◆ GIVEN INFORMATION
========================
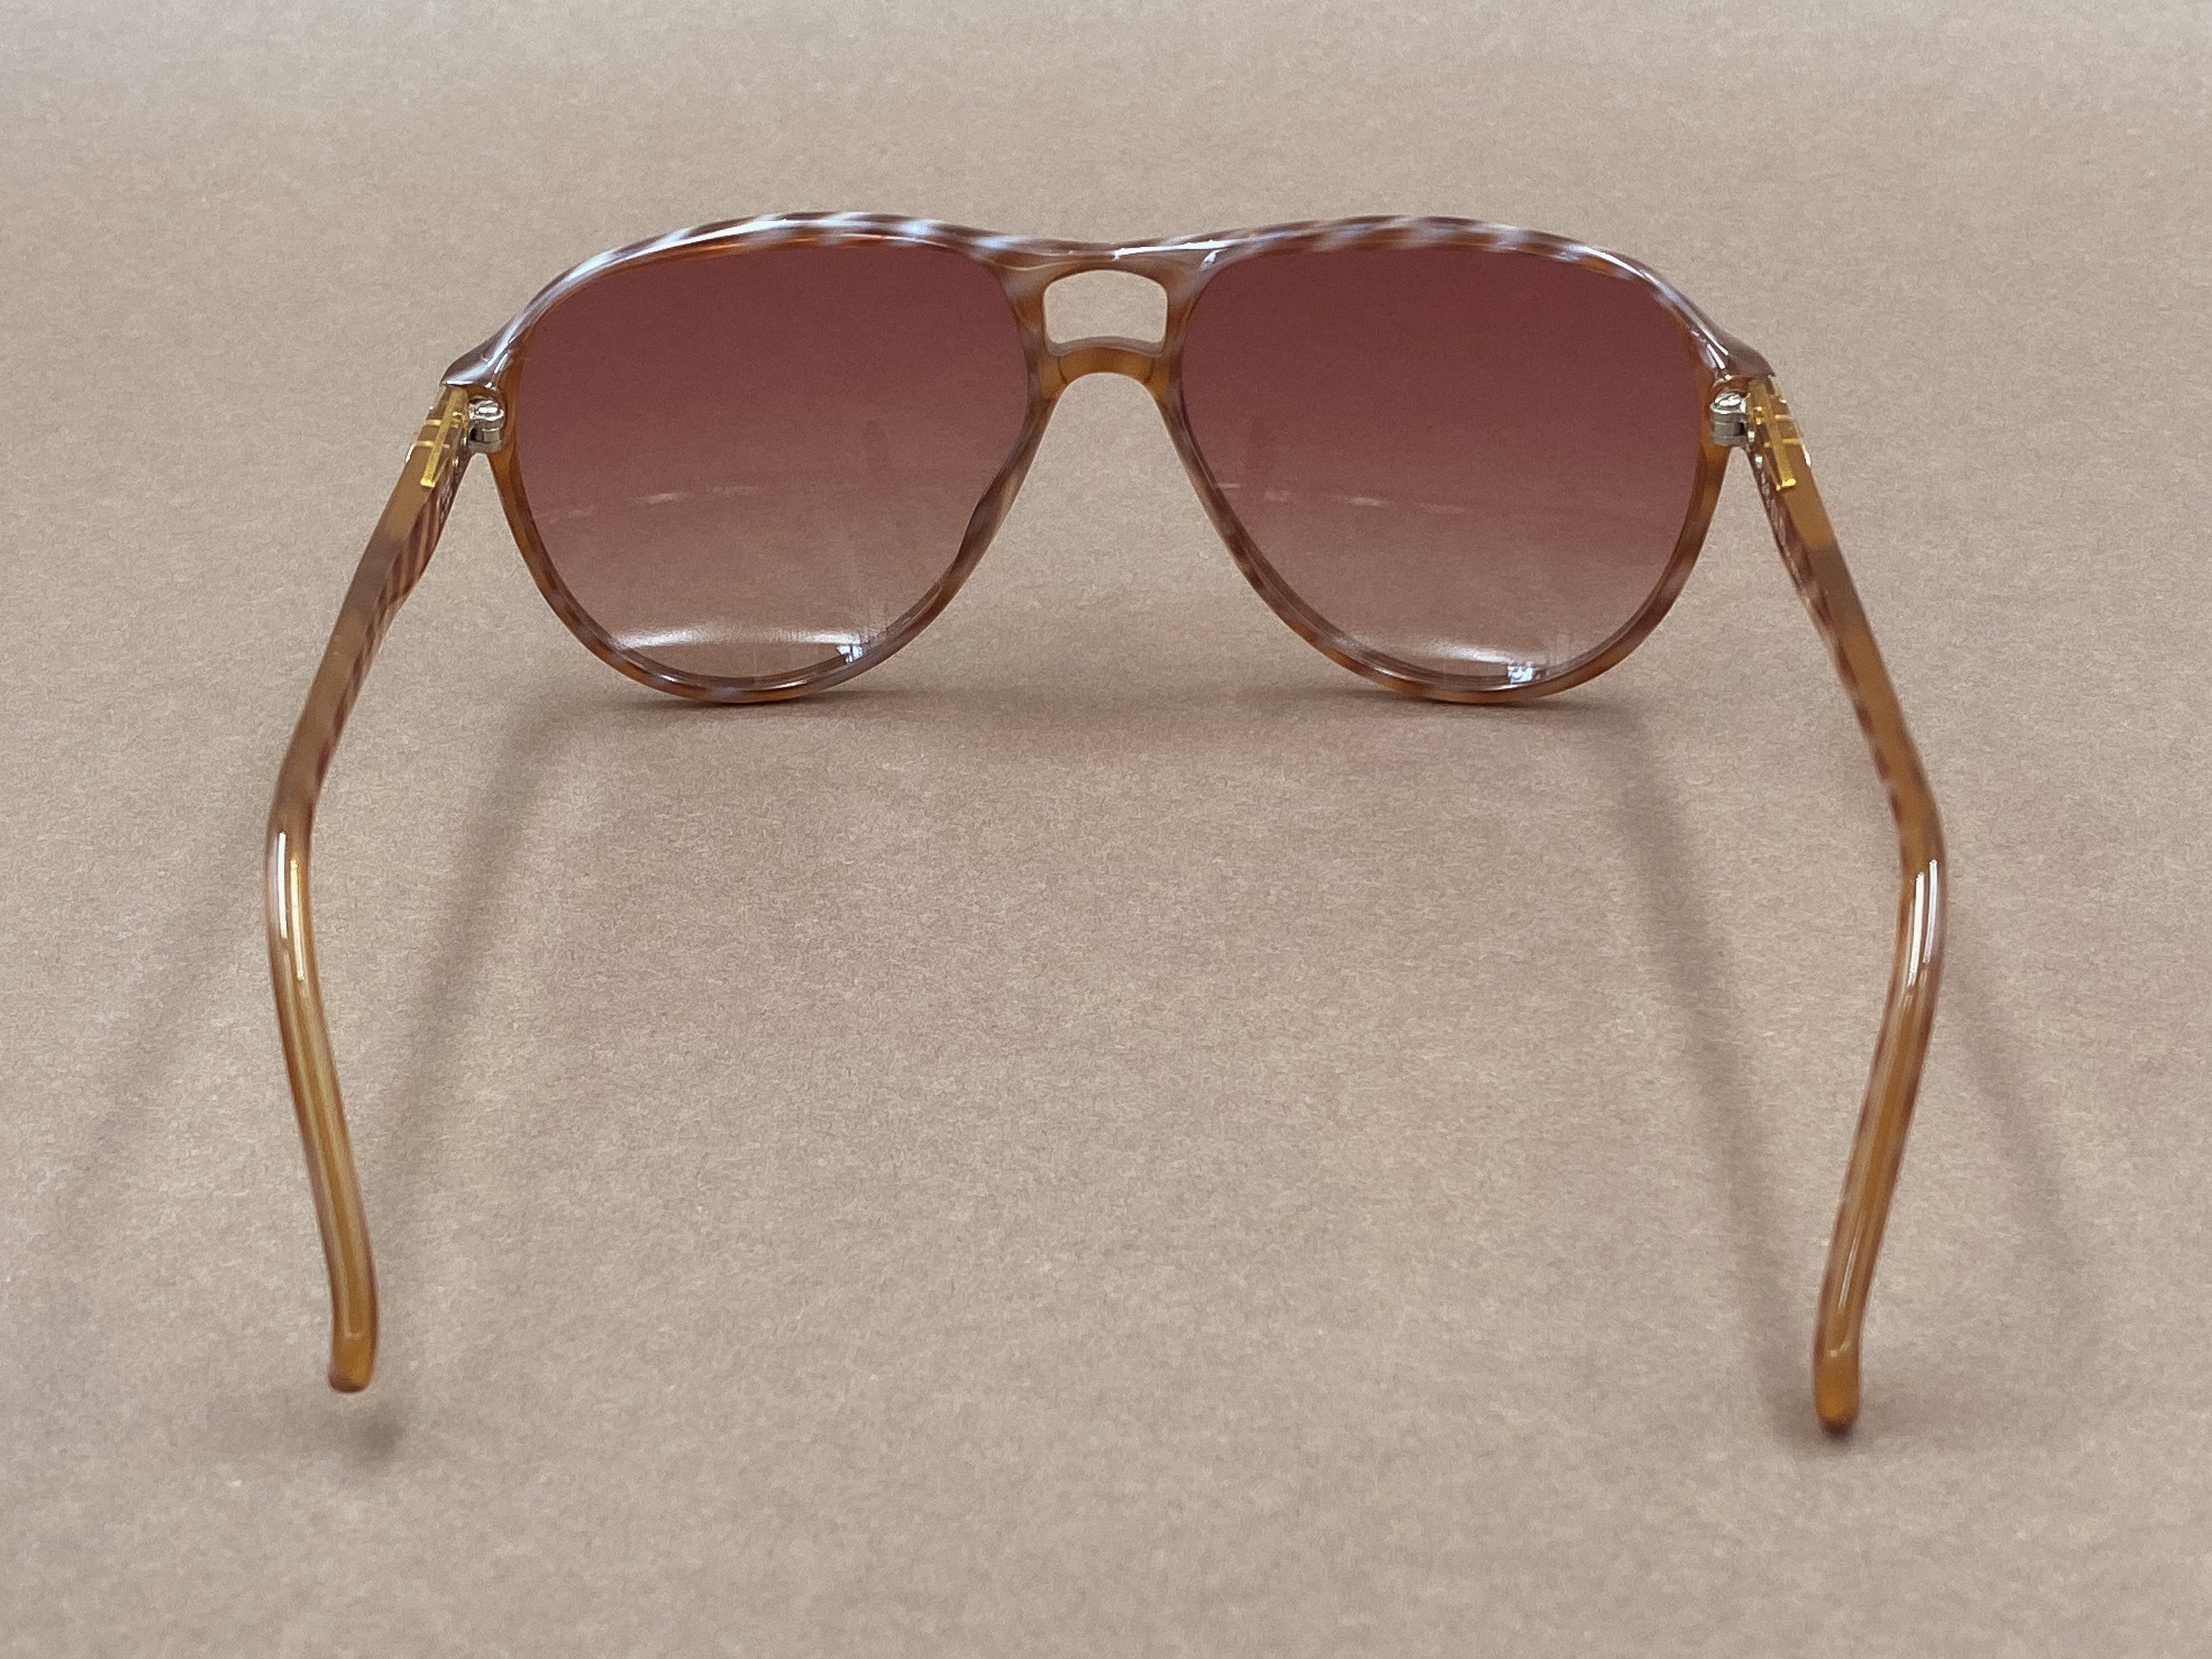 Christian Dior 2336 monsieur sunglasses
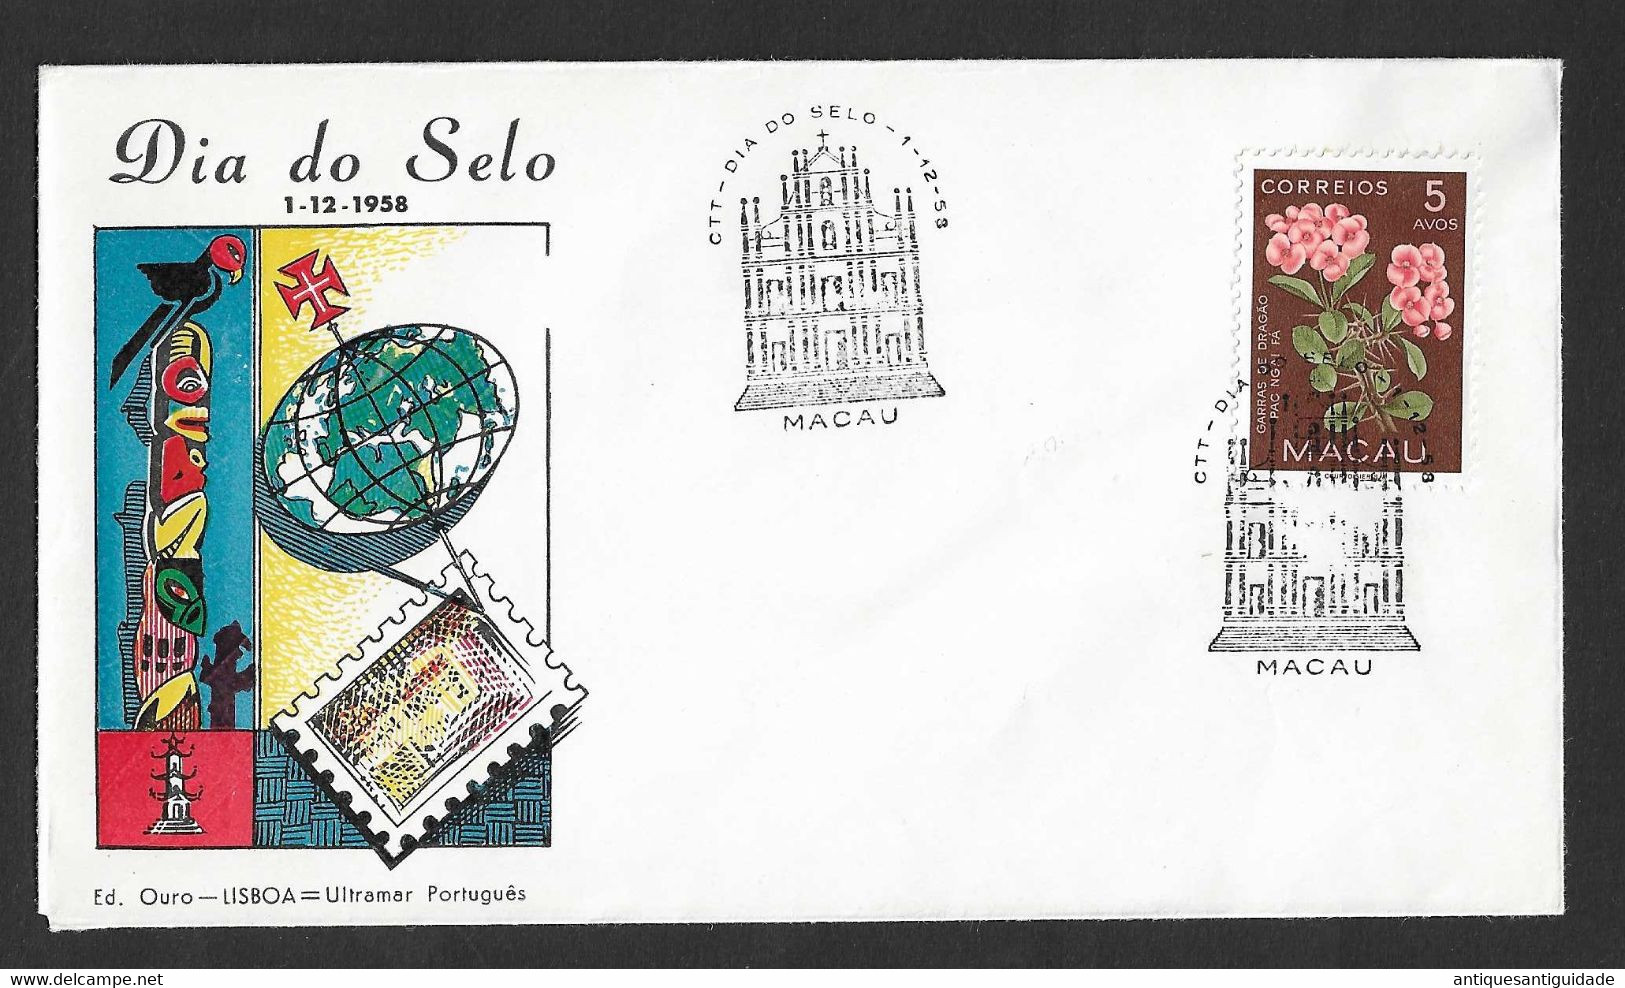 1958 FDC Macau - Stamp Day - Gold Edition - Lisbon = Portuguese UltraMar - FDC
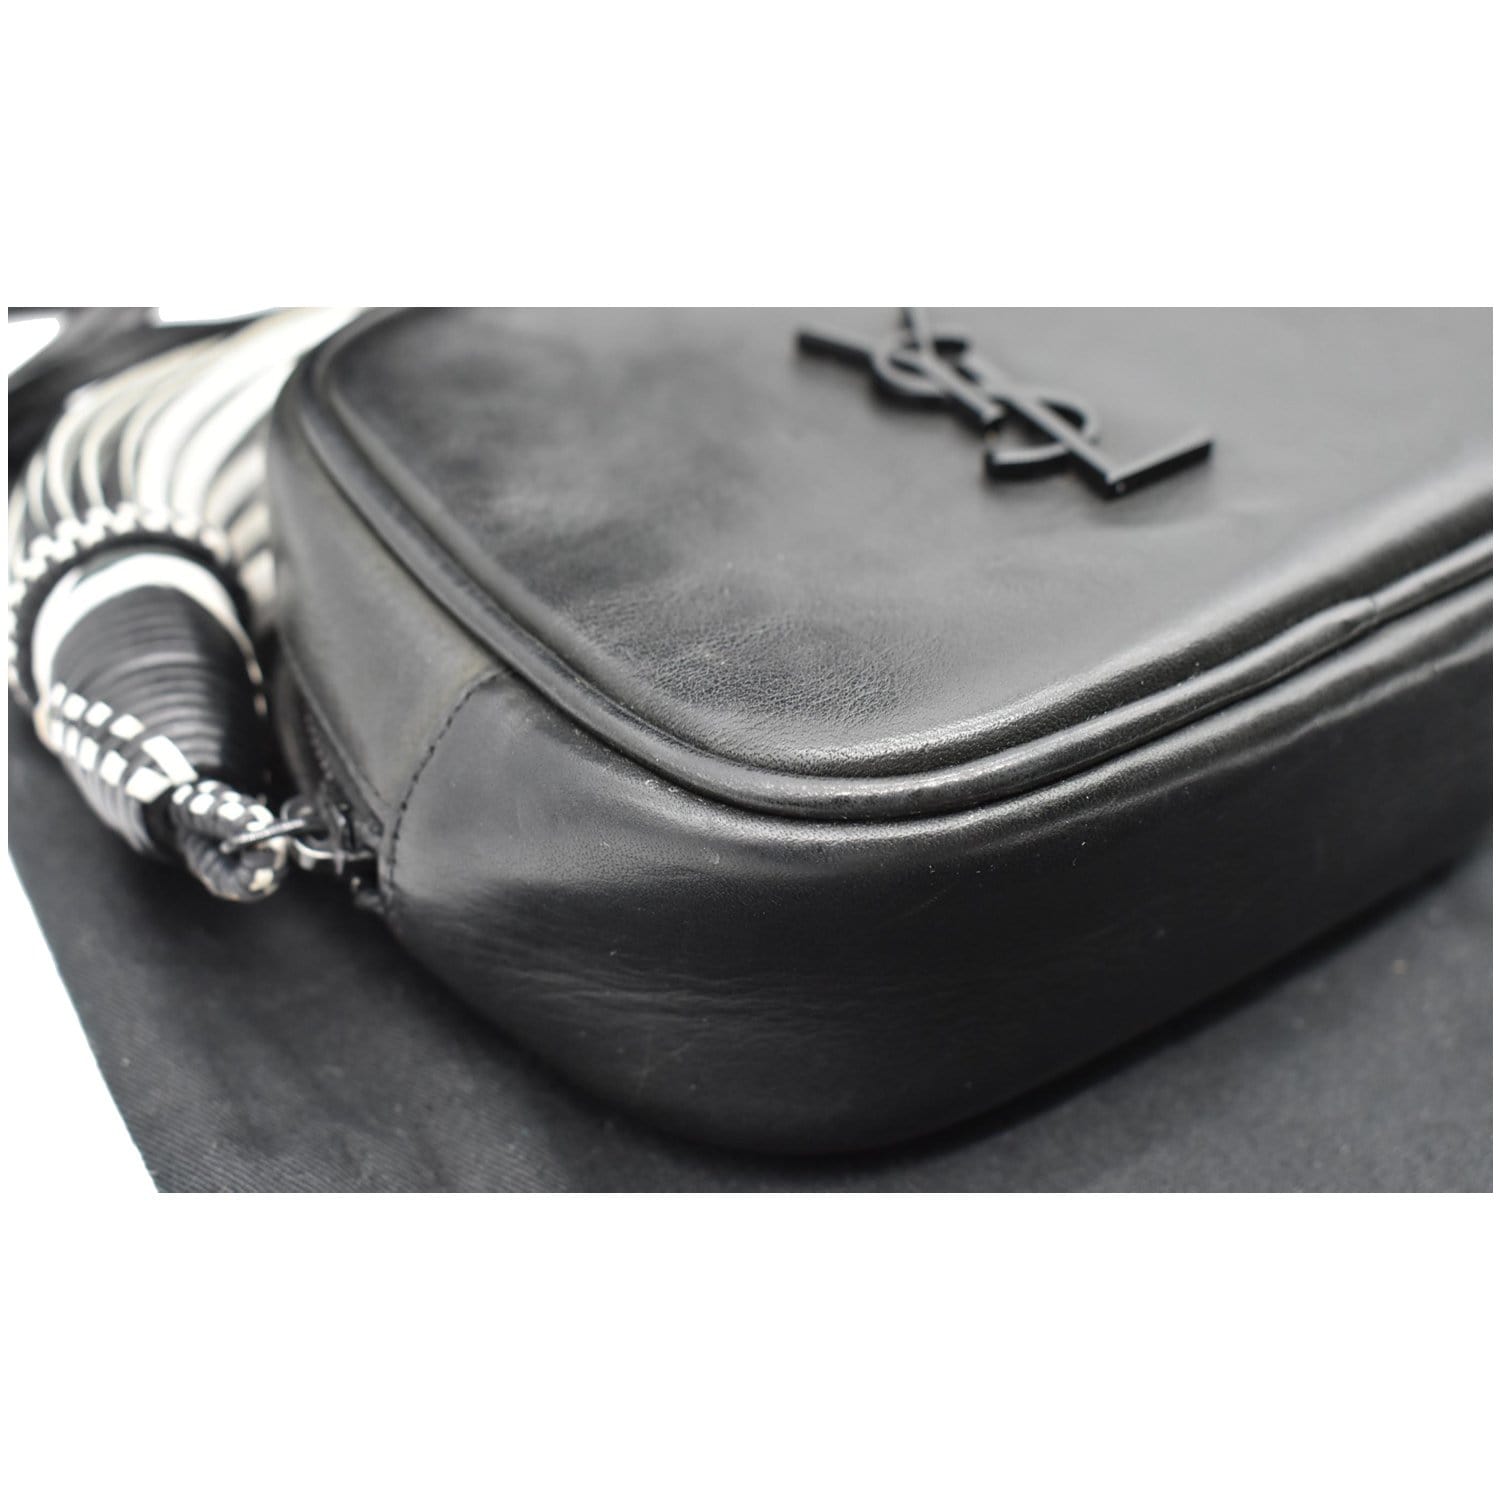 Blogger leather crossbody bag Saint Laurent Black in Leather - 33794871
========================
◆ WORK INSTRUCTIONS
All of the material above must be retyped exactly, line for line, with the images dropped.

◆ SOLUTION
 Christian Dior 2336 monsieur sunglasses
 1958 FDC Macau - Stamp Day - Gold Edition - Lisbon = Portuguese UltraMar - FDC
 Blogger leather crossbody bag Saint Laurent Black in Leather - 33794871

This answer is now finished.